» **Collected data**
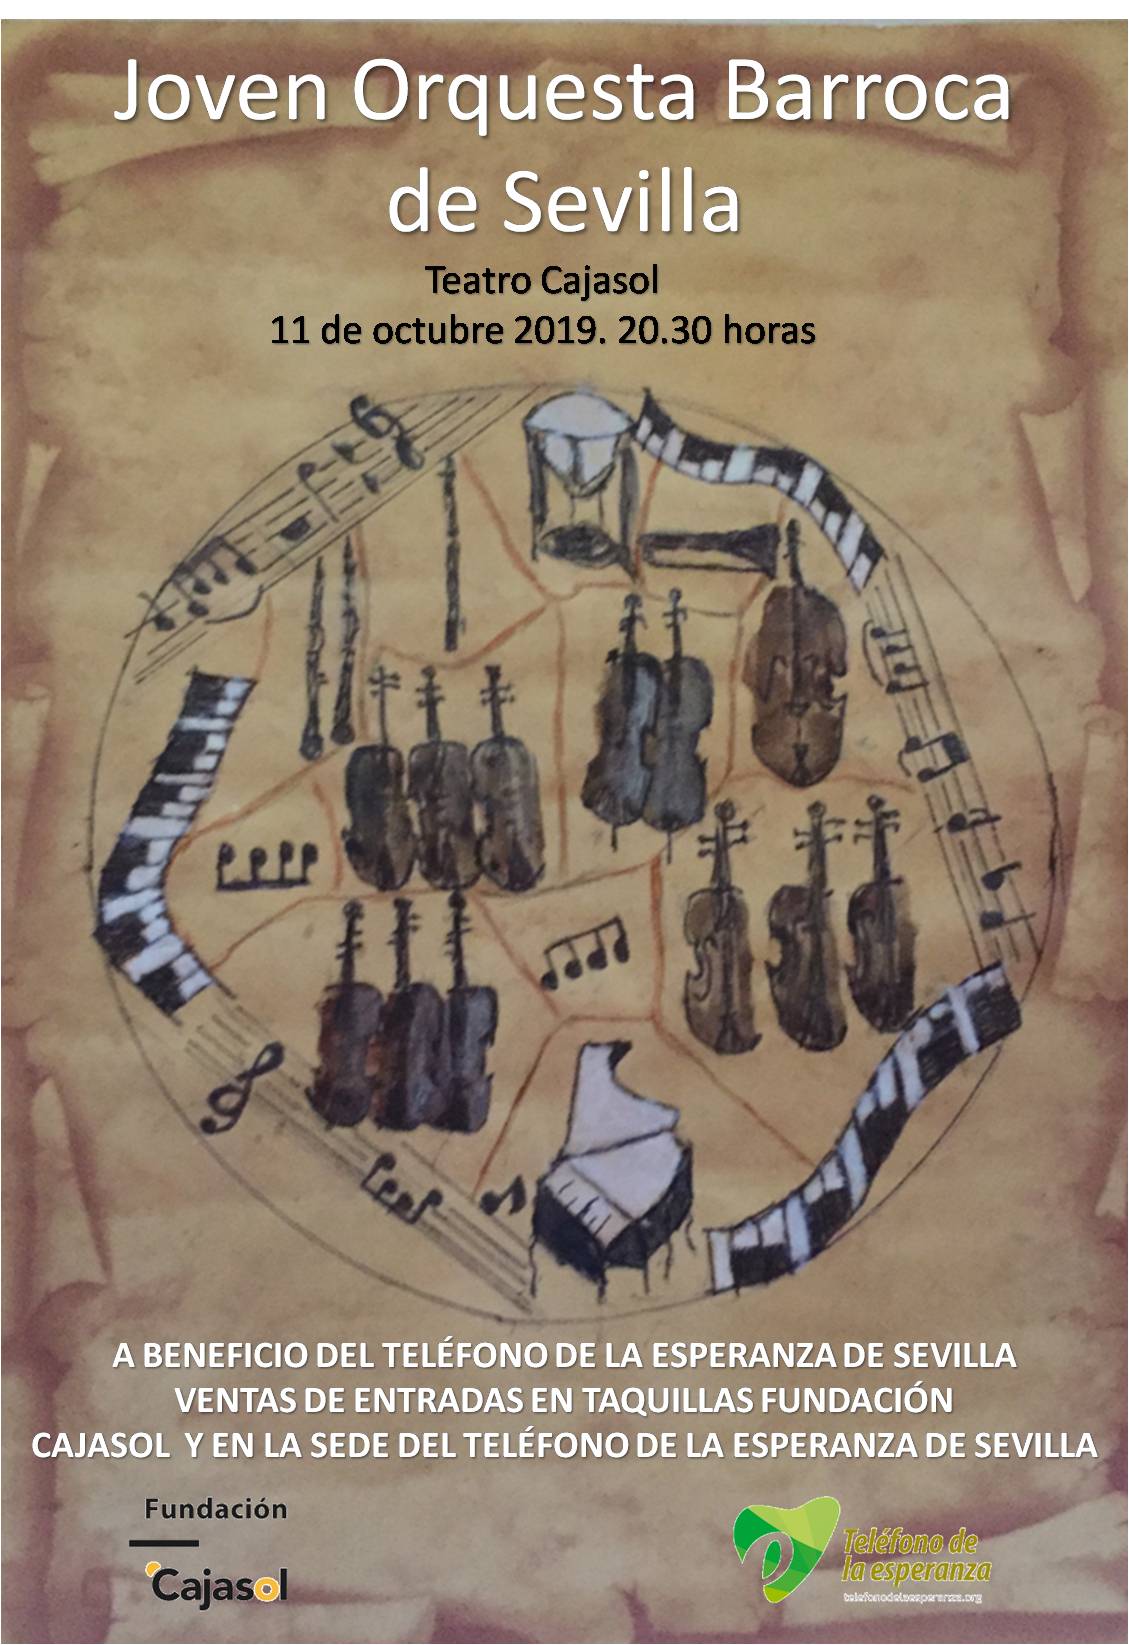 Cartel del concierto de la Joven Orquesta Barroca de Sevilla a beneficio del Teléfono de la Esperanza en la Fundación Cajasol
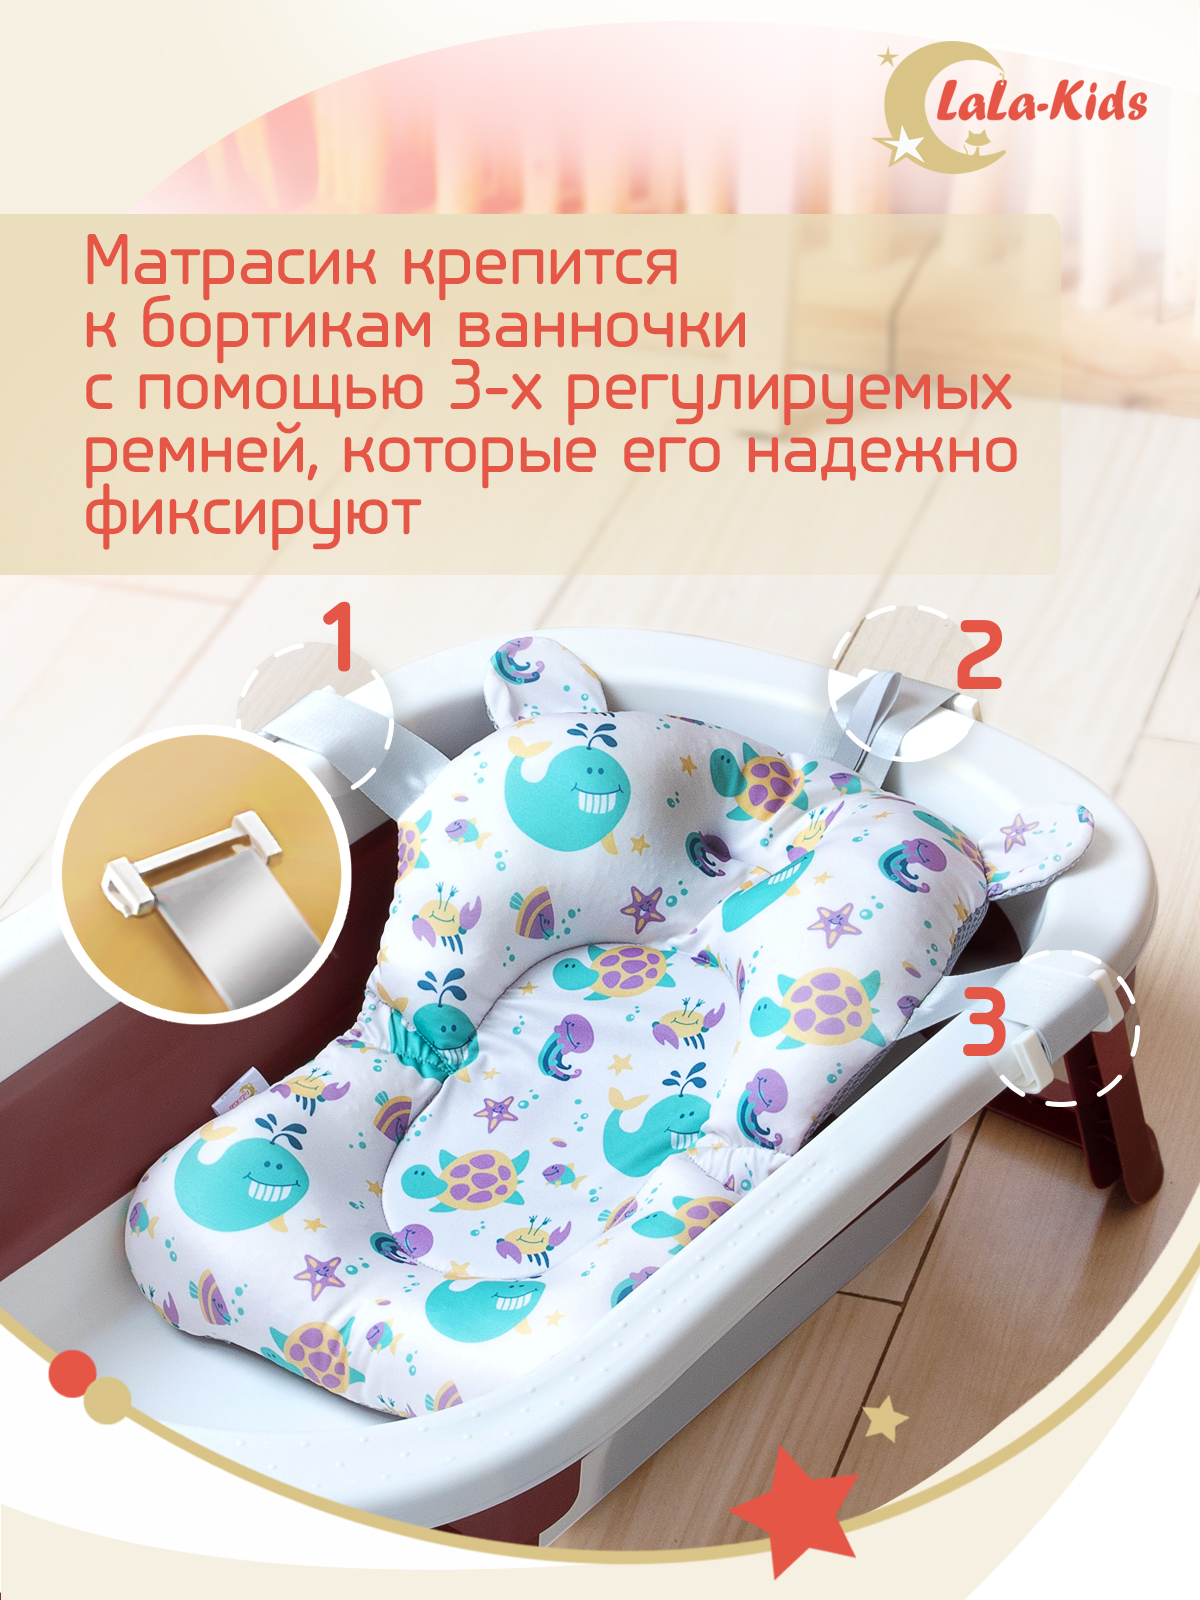 Детская ванночка с термометром LaLa-Kids складная с матрасиком для купания новорожденных - фото 16
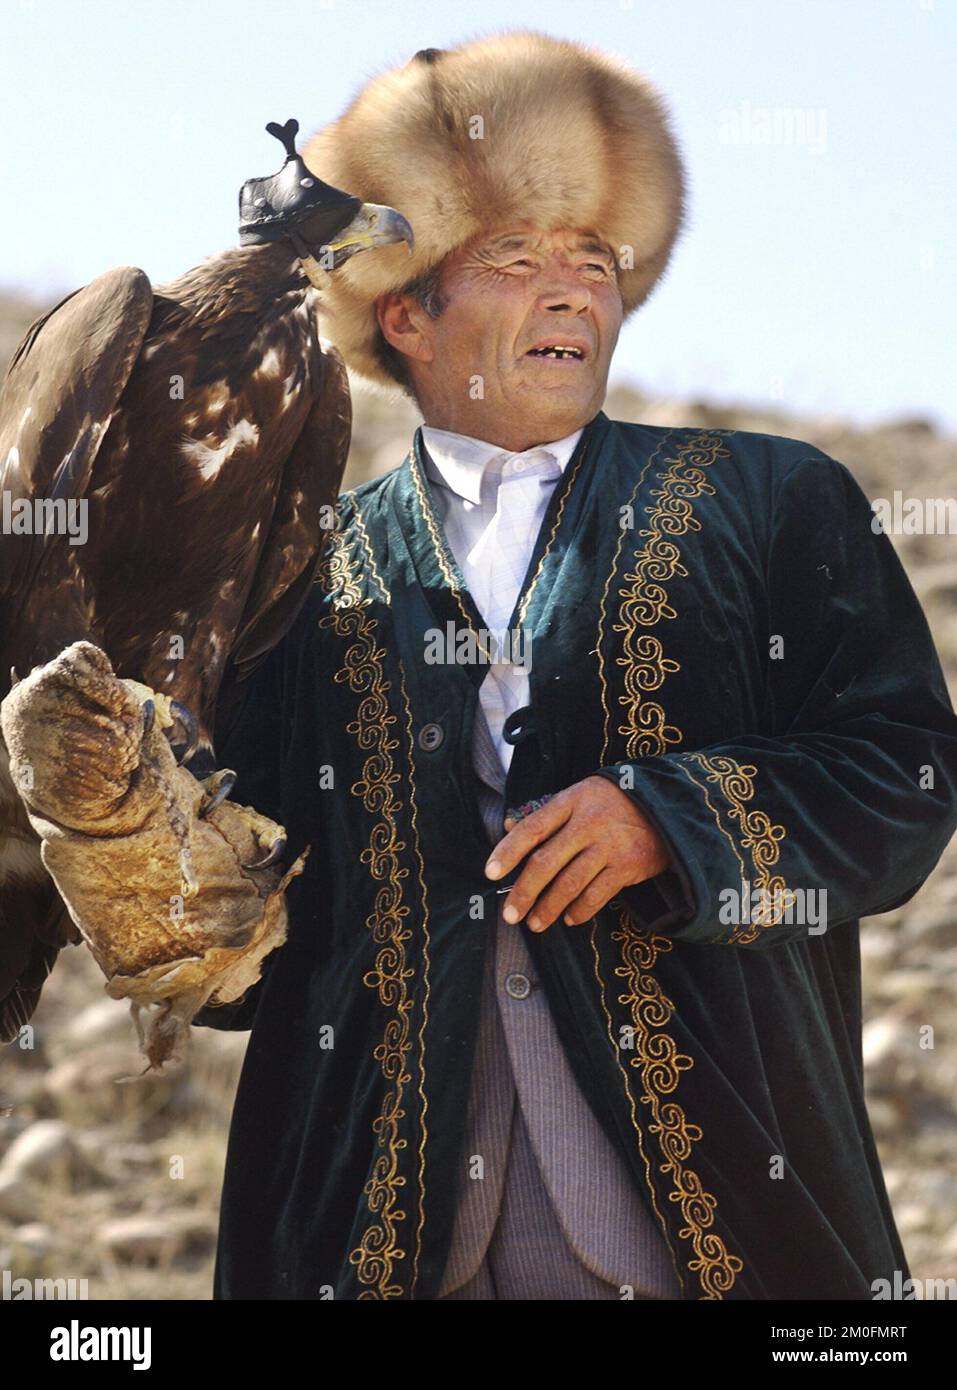 PA PHOTO/POLFOTO - UK USO EXCLUSIVO : KAZAKSTÁN 2002. Los últimos cazadores de águilas del mundo. En Kazakstán un hombre es un hombre cuando puede montar a caballo y cazar con un águila. Lo han hecho de la misma manera durante los últimos 4000 años. Foto de stock
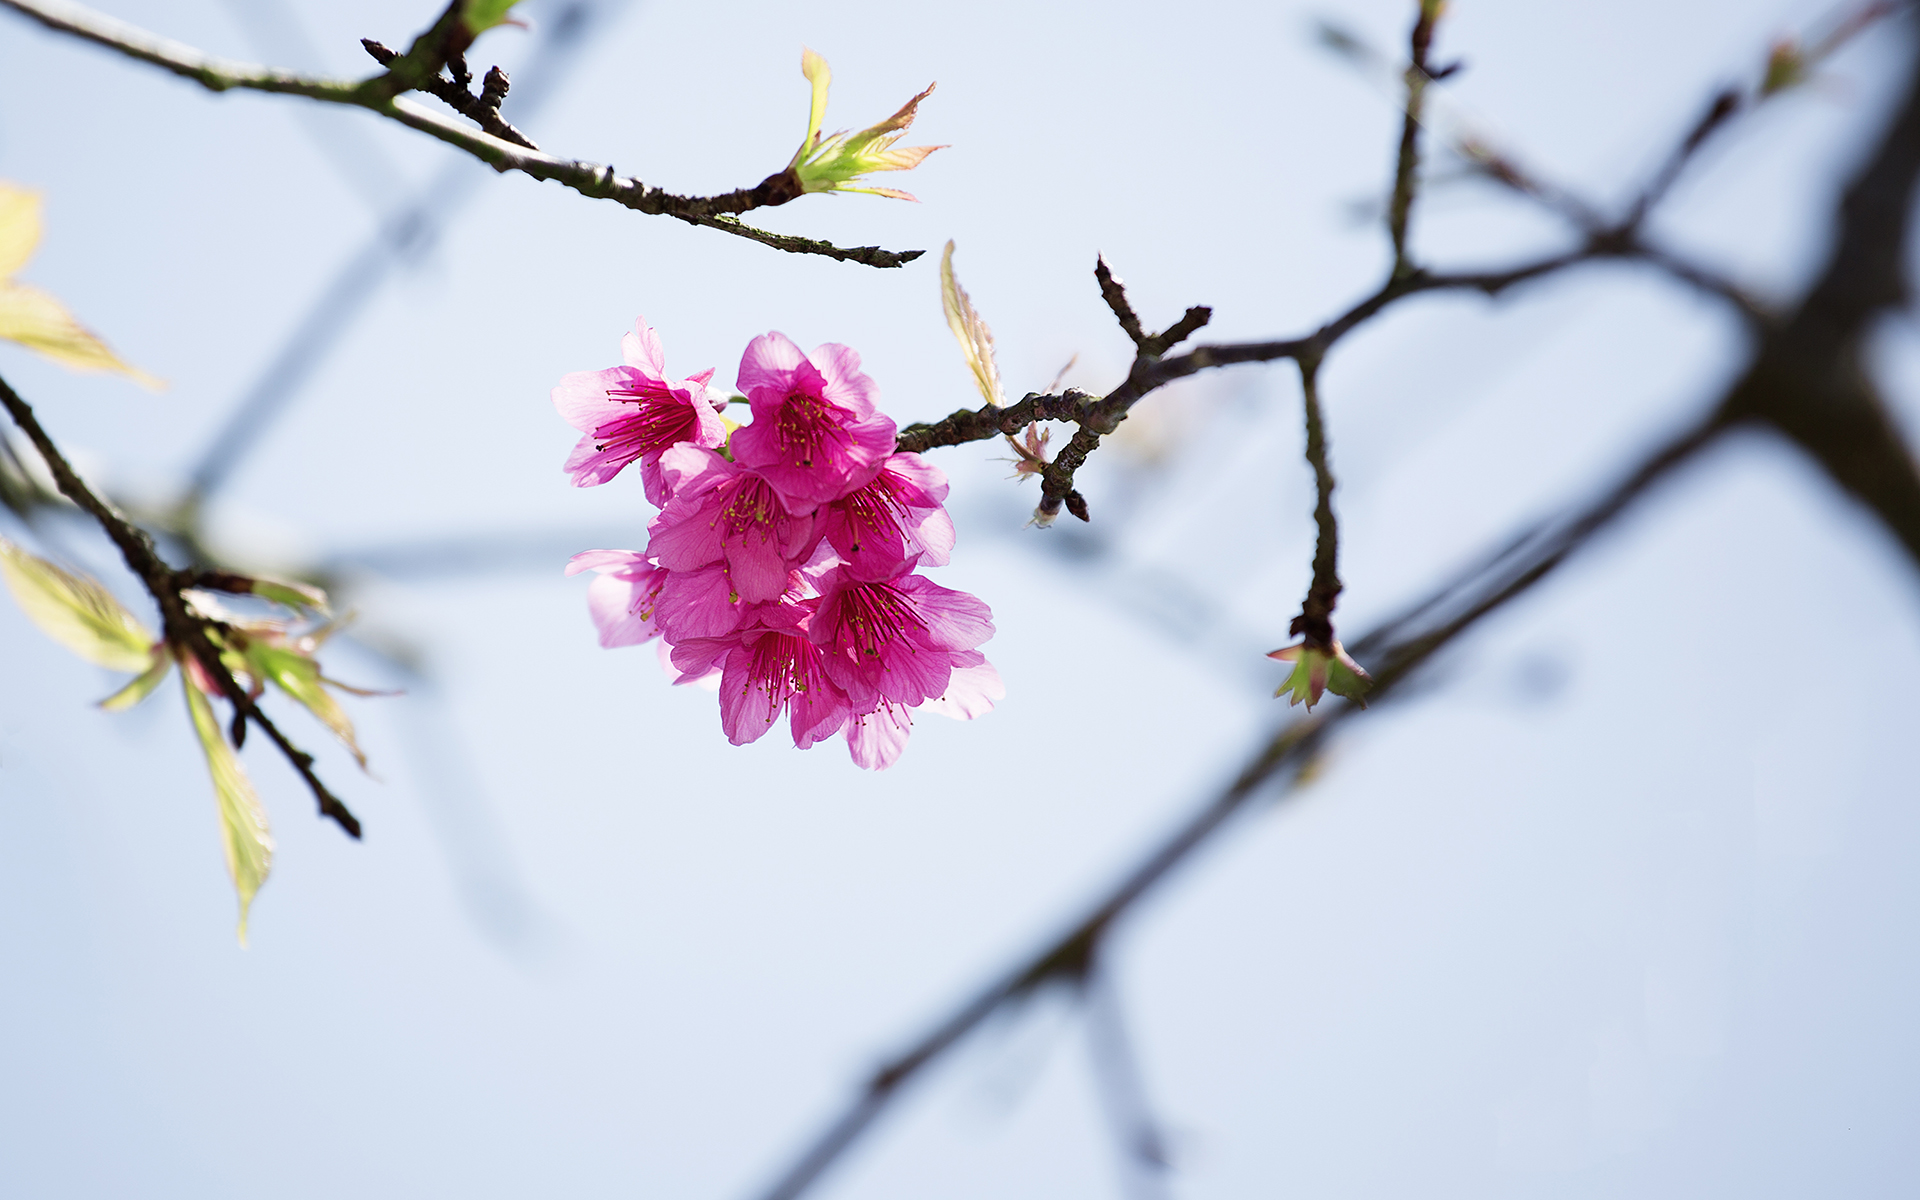 有关淡雅的图片 樱花唯美摄影高清图片

» **Activity**
The copy should hold, exactly, the lines from the one containing "Детская ванночка с" to the final line of the listing above, with both ends present and no pictures.

» **Reply to the task**
 Детская ванночка с термометром LaLa-Kids складная с матрасиком для купания новорожденных - фото 16
 PA PHOTO/POLFOTO - UK USO EXCLUSIVO : KAZAKSTÁN 2002. Los últimos cazadores de águilas del mundo. En Kazakstán un hombre es un hombre cuando puede montar a caballo y cazar con un águila. Lo han hecho de la misma manera durante los últimos 4000 años. Foto de stock
 有关淡雅的图片 樱花唯美摄影高清图片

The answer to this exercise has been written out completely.